Useful Data from Useful De-Identification

Although obvious, it’s worth repeating that poor de-identification techniques will result in less data utility. In fact, that is one key way to evaluate the quality of a de-identification method. Many of the de-identification techniques that we’ve described are essentially optimization problems. Some optimization methods maximize data utility, while others minimize the risk of re-identification at the expense of data utility. Not all optimization methods are created equal. The goal, of course, is to maximize data utility while meeting the predefined risk thresholds.

The other thing to keep in mind is that there are sometimes errors in the application of de-identification methods. A public example of that was an error in the public use files created by the US Census Bureau that affected inferences about people 65 years and older.[85] In this case, there was a nontrivial reduction in data utility, but only for a segment of the population. When looking at de-identification methods in this chapter, we’ll assume that there are no errors and that any loss of utility is a function of the methods used.

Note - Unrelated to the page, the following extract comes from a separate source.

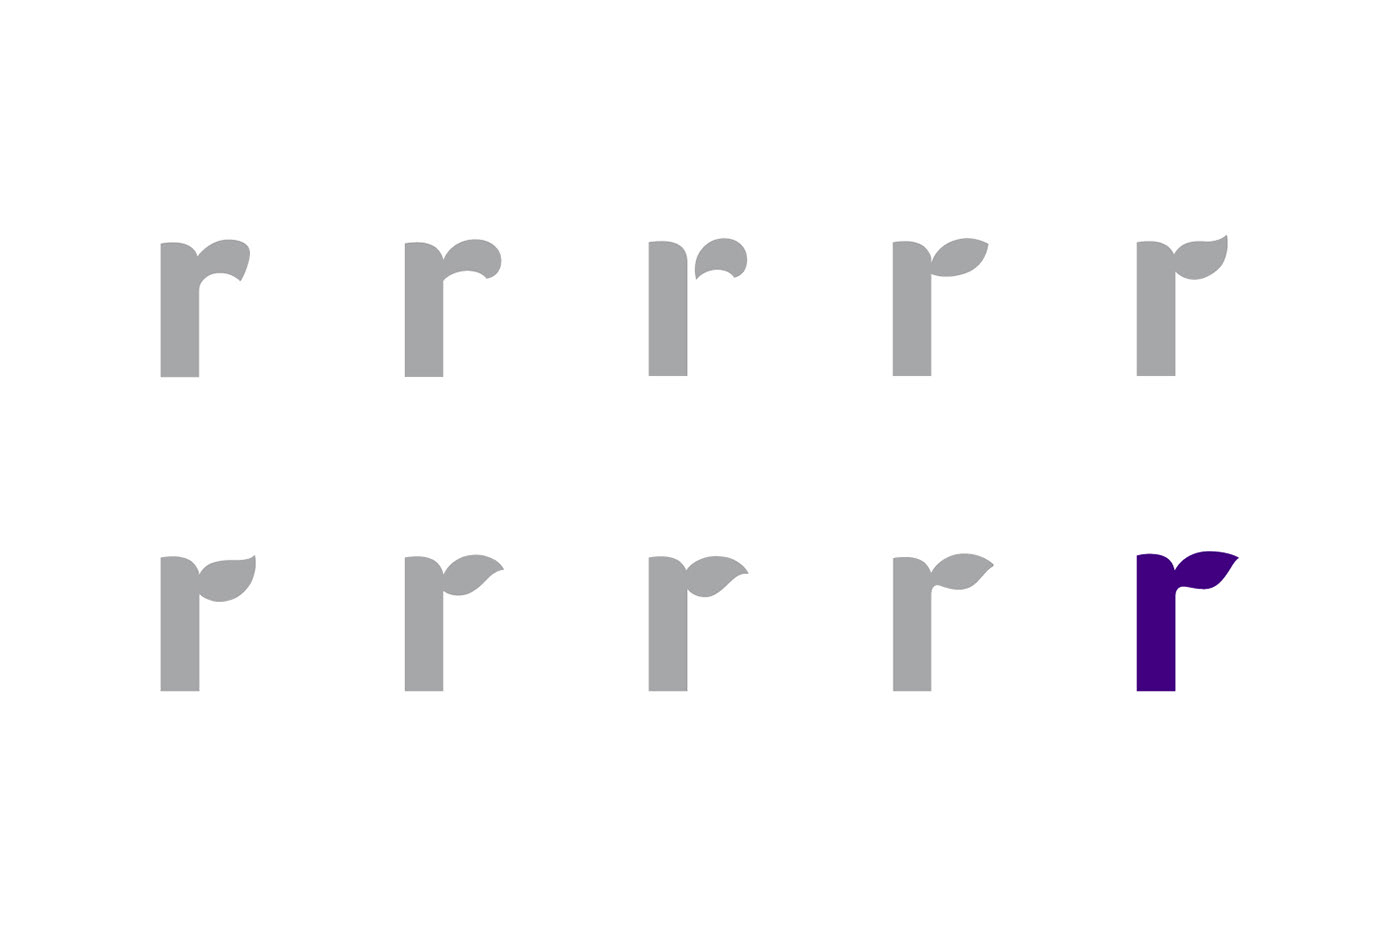 logo branding  identity design typography   Amyris biotech

Evidence of the impact of de-identification on data utility is mixed. Some studies show little impact,[86] whereas others show a nontrivial impact.[87] There is also evidence that data utility depends on both the de-identification method and the analysis method used.[88], [89] Given the mixed reviews, it’s more useful to discuss the factors of evaluating and interpreting data utility rather than trying to make overly general statements.

Degrees of Loss

Data utility is not a binary metric: good or bad. Conceptually, there’s a spectrum of data utility (remember the Goldilocks principle shown in Figure 2-1 in Basic Principles?). A certain amount of data utility may be acceptable in one instance and not acceptable in another. Let’s consider an example of a public data release.

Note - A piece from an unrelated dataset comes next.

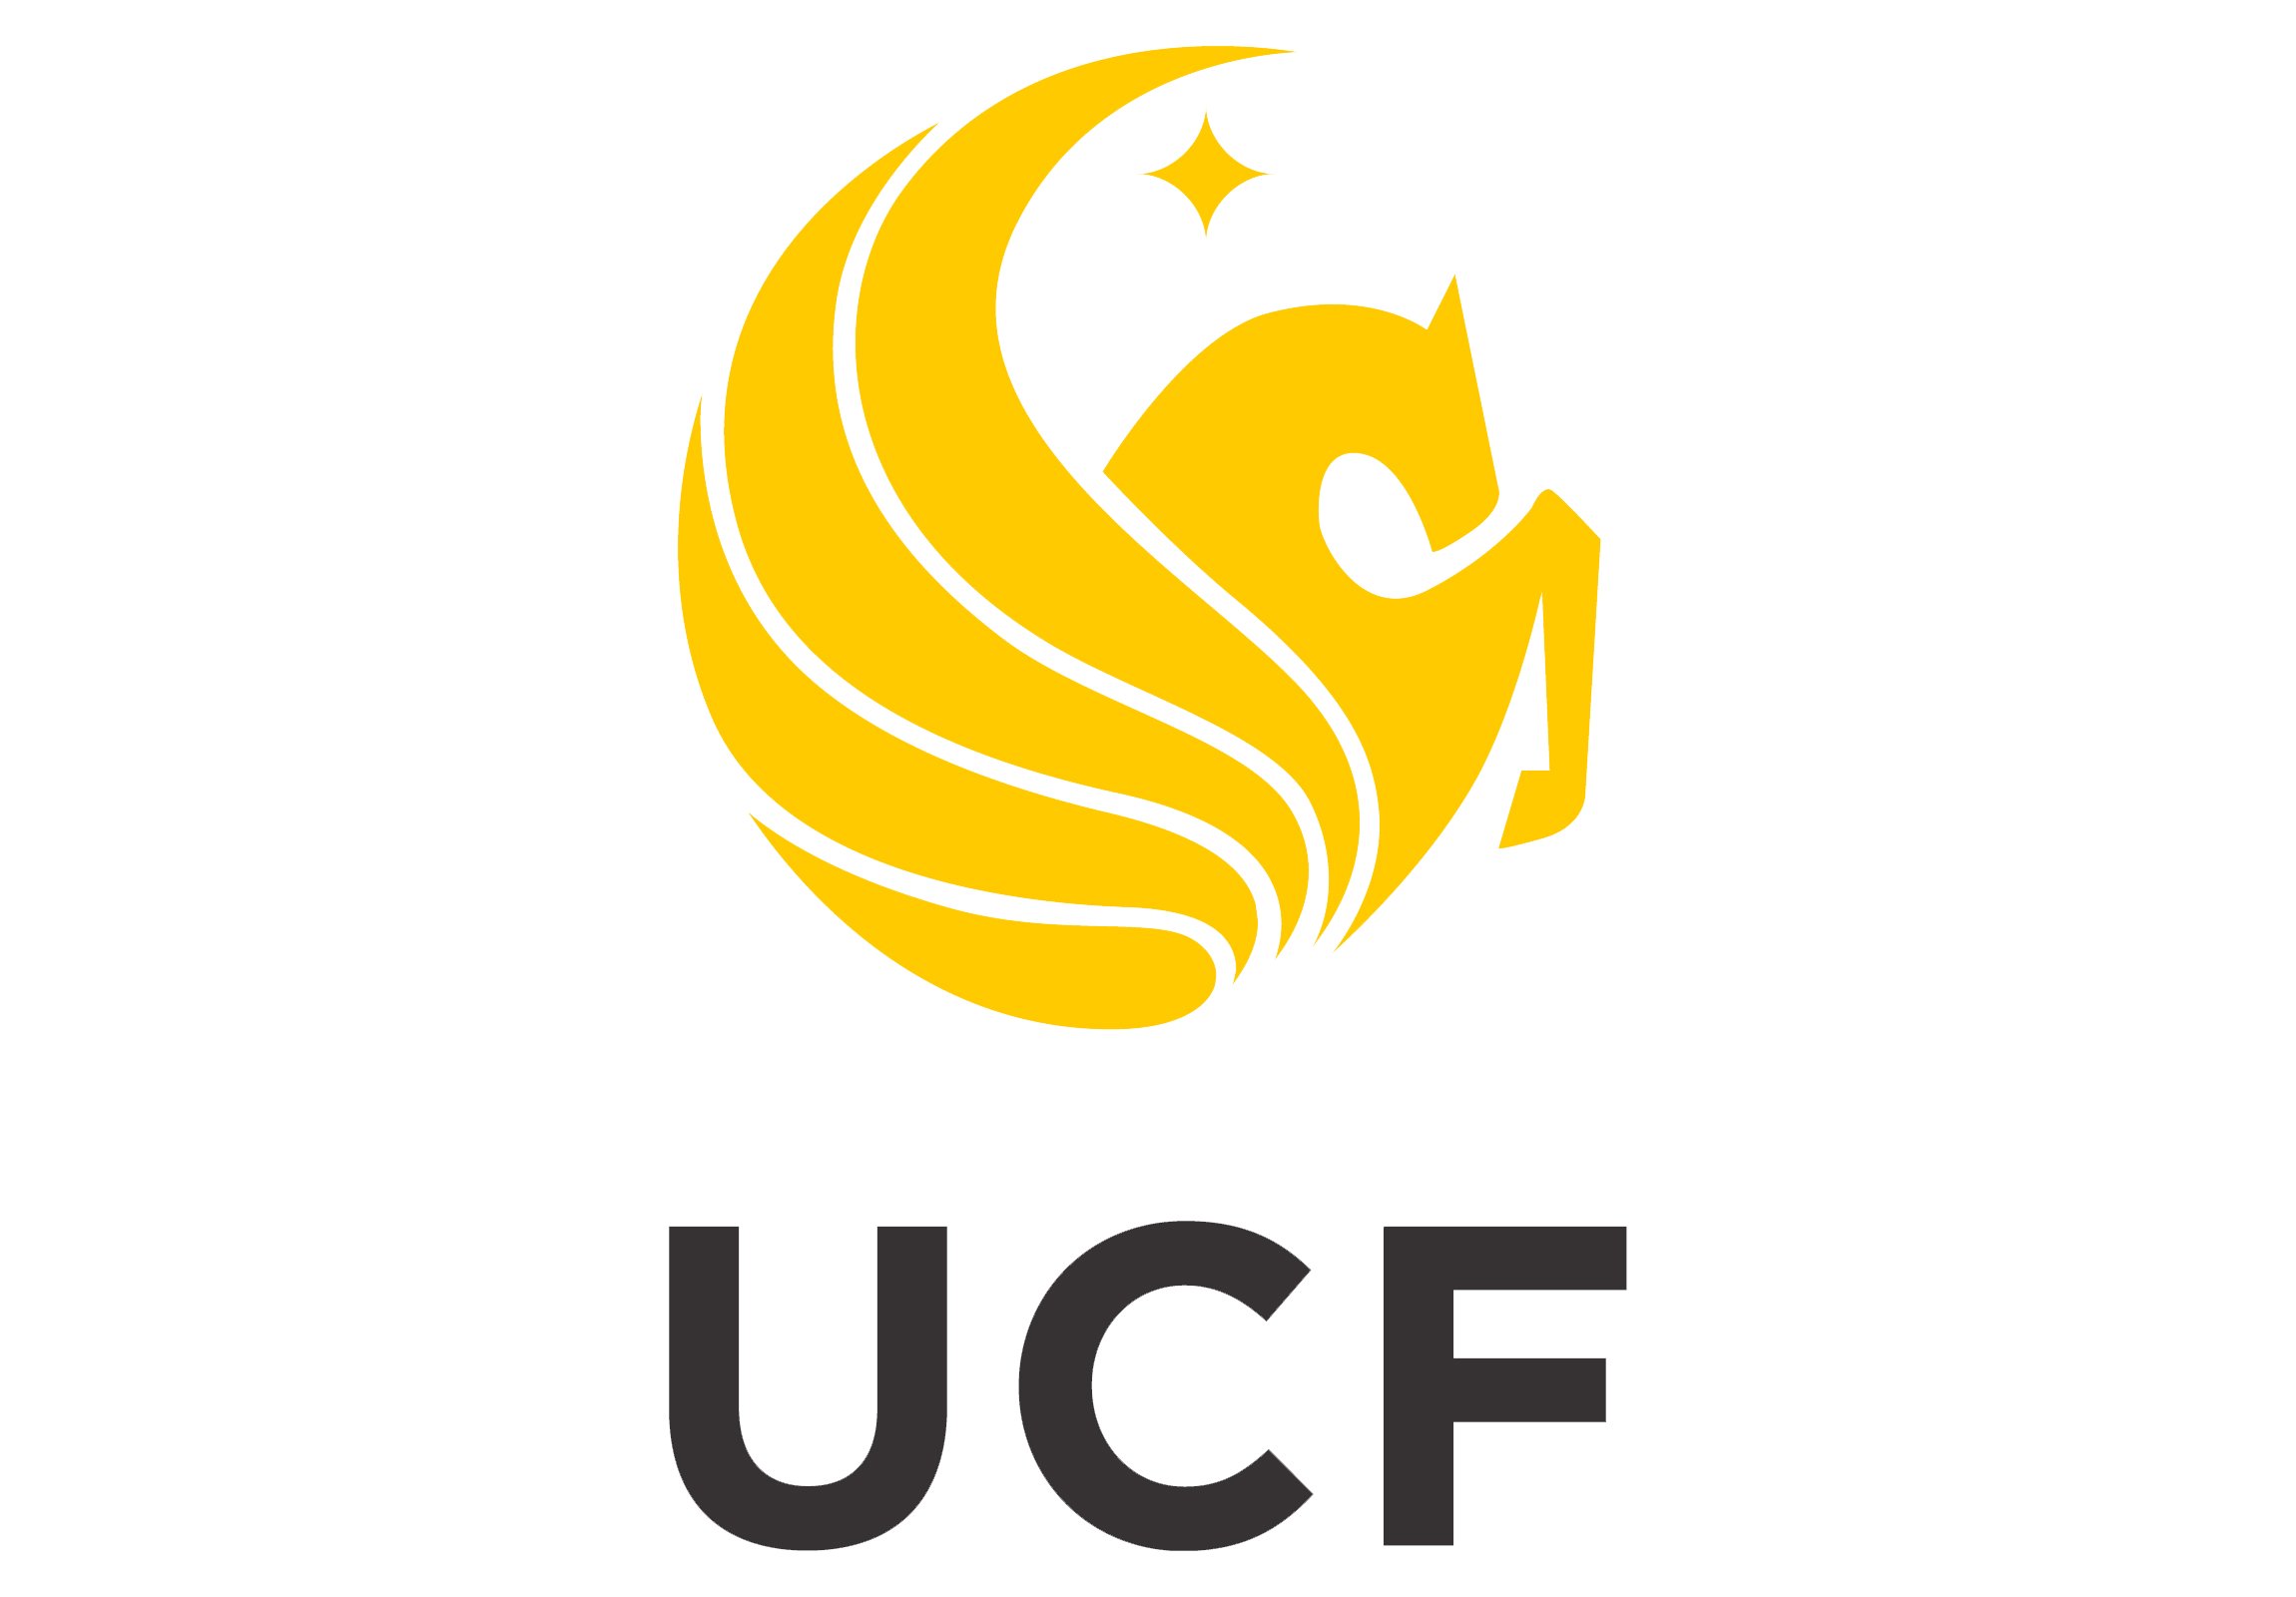 University of Central Florida's logo

A large health data custodian manages a national registry. This registry has been around for many years, and the internal statisticians have been performing detailed longitudinal analyses on the data for many years. Access to the original data has also been granted to external analysts, after going through a somewhat lengthy screening and approval process. Then, one day, there was a request by the sponsors of the data custodian to create a public version of the registry to allow the large data holdings to be used and made accessible more broadly. The public data would have lower utility than the original registry, given the level of de-identification required. But is that lower utility acceptable?

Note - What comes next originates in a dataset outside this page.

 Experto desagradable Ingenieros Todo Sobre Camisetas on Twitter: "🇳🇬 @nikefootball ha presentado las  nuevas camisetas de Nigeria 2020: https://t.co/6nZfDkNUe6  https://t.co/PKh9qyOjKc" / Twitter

The users of the public data may be data analysts who would want to do analyses similar to the internal statisticians. The greatest concern these analysts would have is whether they would be able to able to reproduce the longitudinal analyses done by the internal statisticians, given the lesser utility of a public data release. We can certainly evaluate data utility from that perspective, but there are many other potential data consumers for the public data who might have different requirements.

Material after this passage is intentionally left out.